Cloud ML Engine batch predictions - How to simply match returned predictions with input data?

问题

According to the ML Engine documentation, an instance key is required to match the returned predictions with the input data. For simplicity purposes, I would like to use a DNNClassifier but apparently canned estimators don't seem to support instance keys yet (only custom or tensorflow core estimators).

So I looked at the Census code examples of Custom/TensorflowCore Estimators but they look quite complex for what I am trying to achieve.

I would prefer using a similar approach as described in this stackoverflow answer (wrapping a DNNClassifier into a custom estimator) but I can not make it work and I got an error saying that 'DNNClassifier' object has no attribute 'model_fn'...

How can I achieve this in a simple manner?

回答1:

In version 1.2 the contrib estimators (tf.contrib.learn.DNNClassifier for example), were changed to inherit from the core estimator class tf.estimator.Estimator which unlike it's predecessor, hides the model function as a private class member.

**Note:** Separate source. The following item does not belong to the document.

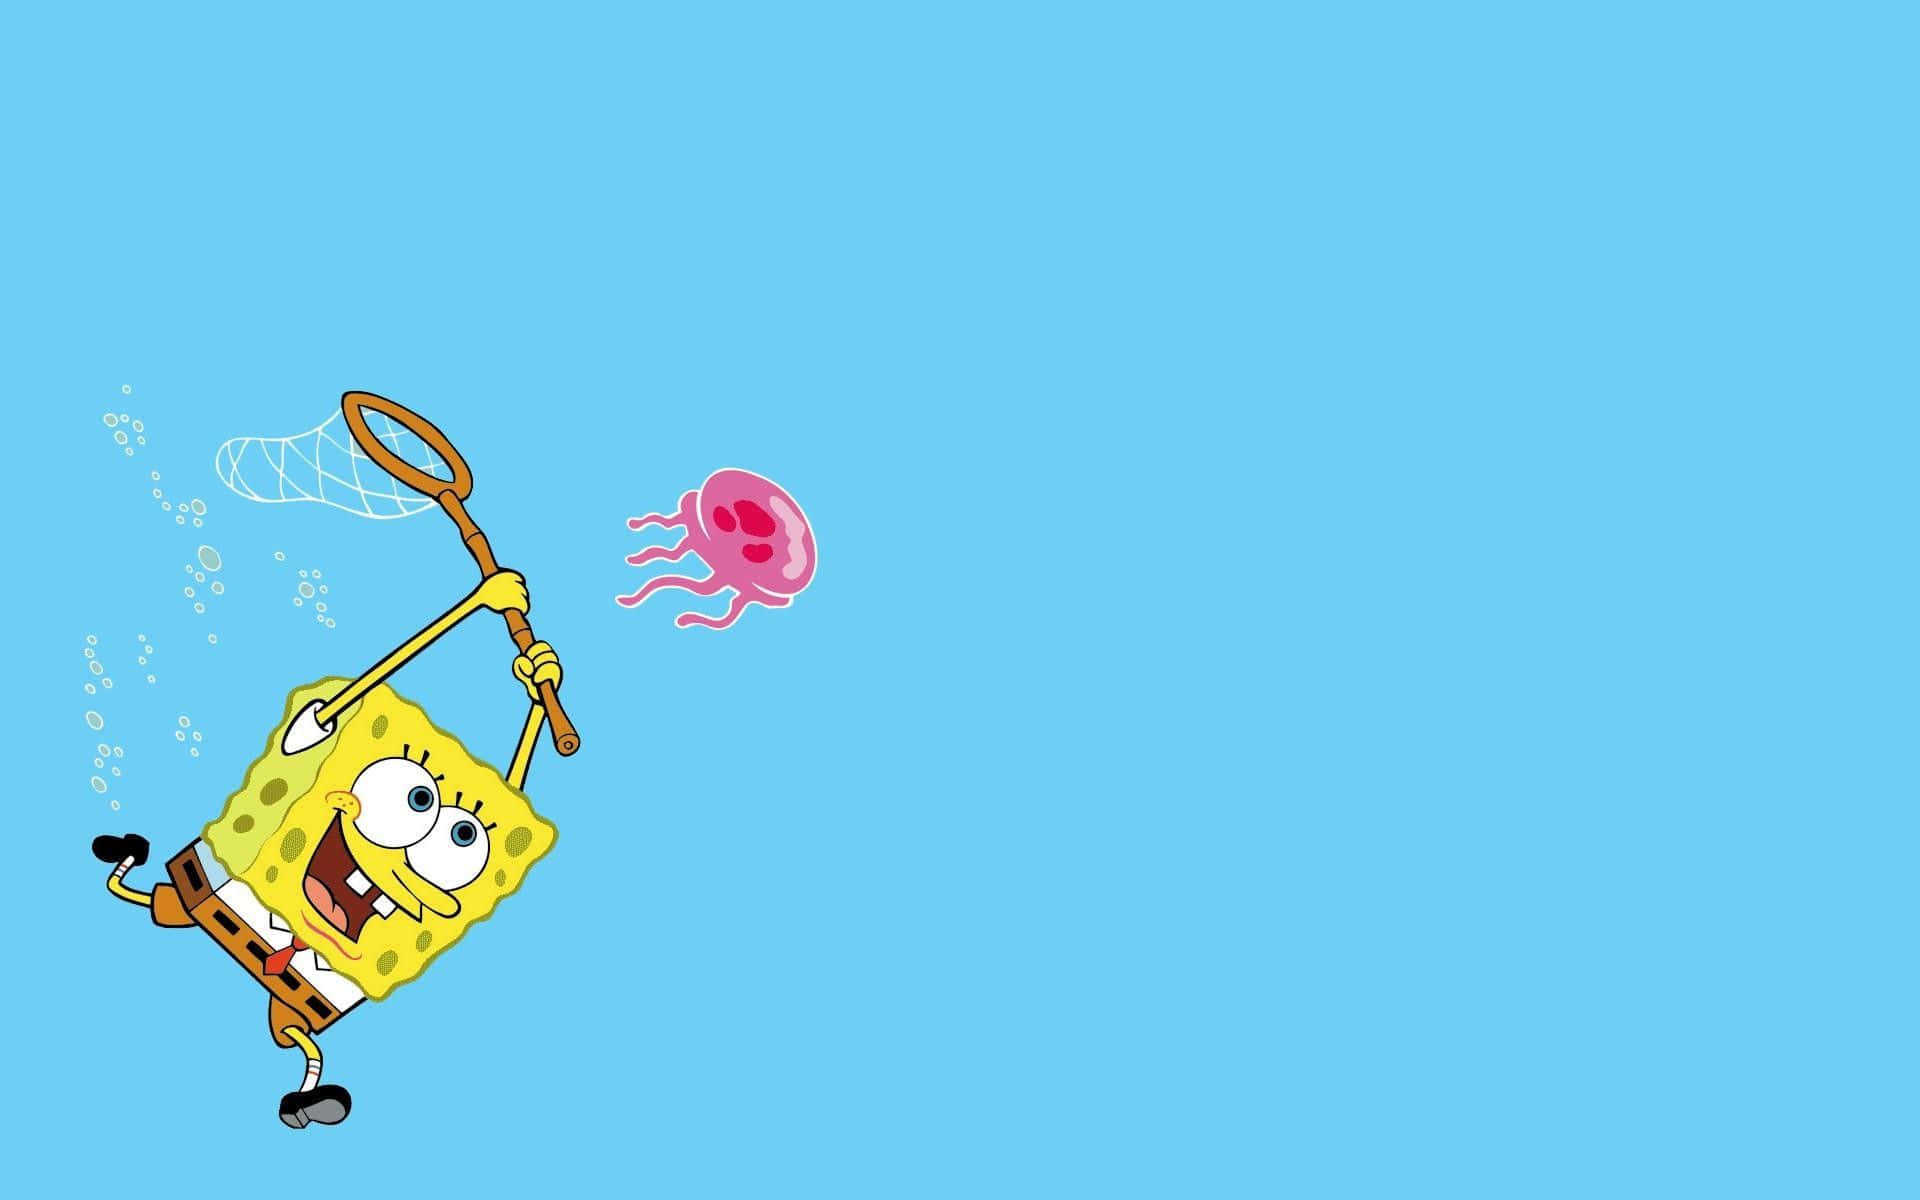 Get lost in the vibrant colors and relaxing vibes of Aesthetic Spongebob

Try estimator._model_fn rather than estimator.model_fn. You should be able to leave everything else in my previous answer the same.

EDIT: I've updated my original answer here: https://stackoverflow.com/a/44443380/3597868 to reflect the necessary changes with version 1.2

回答2:

My code as per Eli's example:

def key_model_fn_gen(estimator):
   def _model_fn(feature_columns, labels, mode):
      key = feature_columns.pop(KEY)
      params = estimator.params

      model_fn_ops = estimator._model_fn(features=feature_columns,
                 labels=labels,
                 mode=mode,
                 params=params)
      model_fn_ops.predictions[KEY] = key        

     return model_fn_ops
return _model_fn

but still unsuccessful to display the instance key in the result of predictions using ML Engine batch predictions... What do I need to change in the Experiment (or maybe in the export strategy) to make it work?

回答3:

System/Version Info

Canned census example committed on 2017_06_22_15:06:37.
TensorFlow 1.2.
Python 3
GCP ML Engine 1.2

Approach

Fabrice, I had the same question as you and it took me a while to figure this one out (with the generous help of Eli). I took a slightly different approach. Instead of trying to create an instance key, I made the assumption that the instance key would be in the data (training, evaluation, and prediction).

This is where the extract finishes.